Dr. James C. Garland is a physicist, author and professor, and the former 20th President of Miami University in Oxford, Ohio.
Garland was educated at Princeton University (BA) and Cornell Univ. (PhD), in the field of condensed matter physics, and was an N.S.F Postdoctoral Fellow at the University of Cambridge. He has written more than 100 research papers, and is the author of Saving Alma Mater: A Rescue Plan for America's Public Universities, in which he advances changes in public university funding. He is now a Miami University President Emeritus.
From 1970 to 1996 Garland taught at The Ohio State University as a physics professor. He became Ohio State’s Graduate and Research Studies acting Vice President, Materials Research Laboratory director, Department of Physics chairperson, dean of the College of Mathematical and Physical Sciences, and its dean of Arts and Sciences.

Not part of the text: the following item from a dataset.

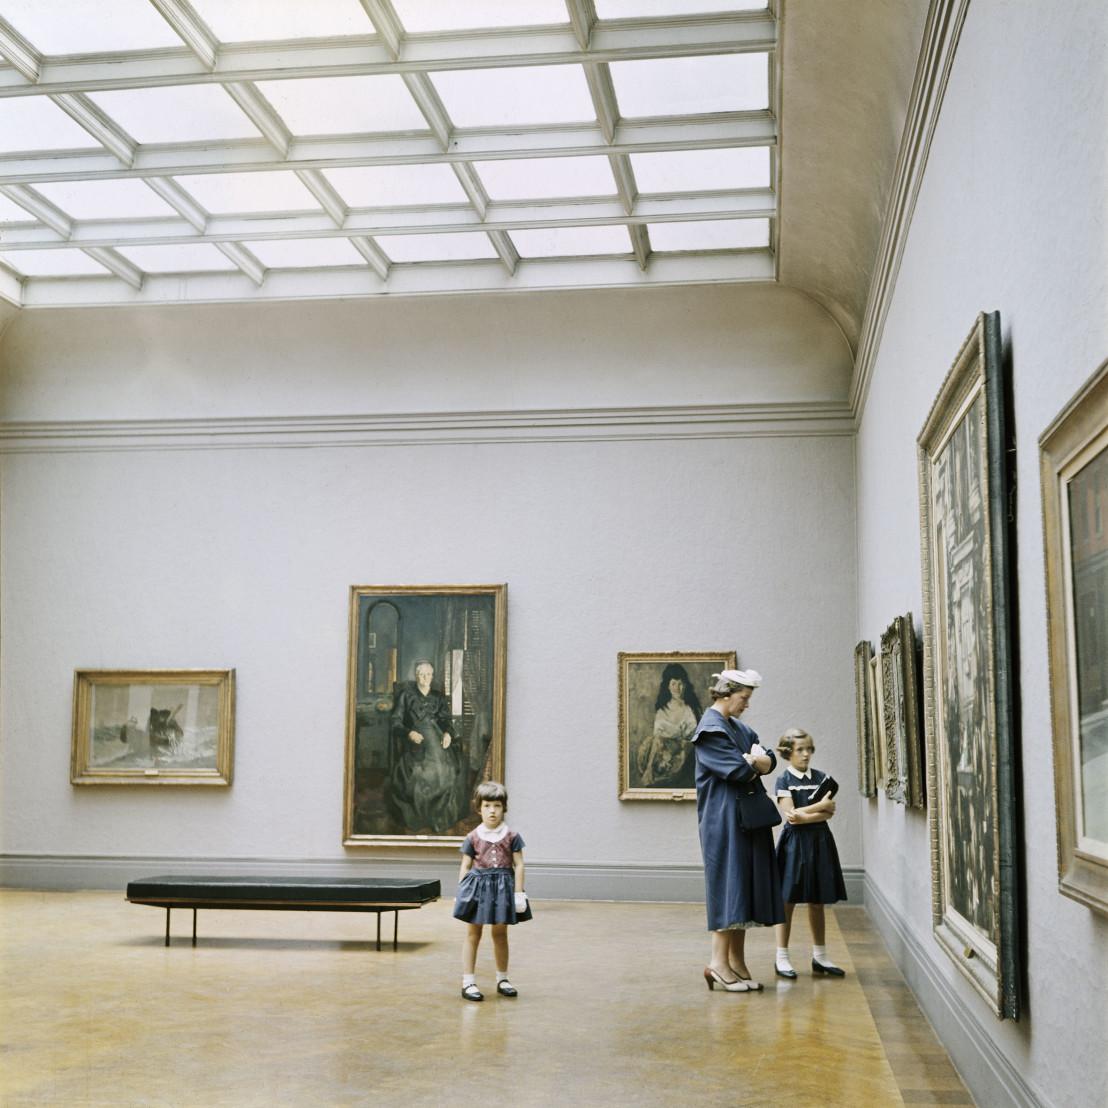 Undated©Estate of Vivian Maier

In 1991, Garland wrote a booklet on the art of presenting research at physics conferences.
Garland became the President of Miami University in 1996. In 2002, his stated aim was to make Miami the "First in 2009", the University’s bicentennial year. To achieve this status, he developed a strategy to raise intellectual quality and apply quantitative benchmarking and best practice, and led Miami in a significant capital improvement and construction program. Endowments doubled, and student applications increased by sixty percent.
He equalized in-state and out-of-state tuition fees and provided scholarships for Ohio students based on need. In 2004, Miami became the first Ohio public university to offer students domestic partner benefits, while Garland publicly criticized the Ohio Issue 1 amendment to the State Constitution that defined the status of non-marriage relationships.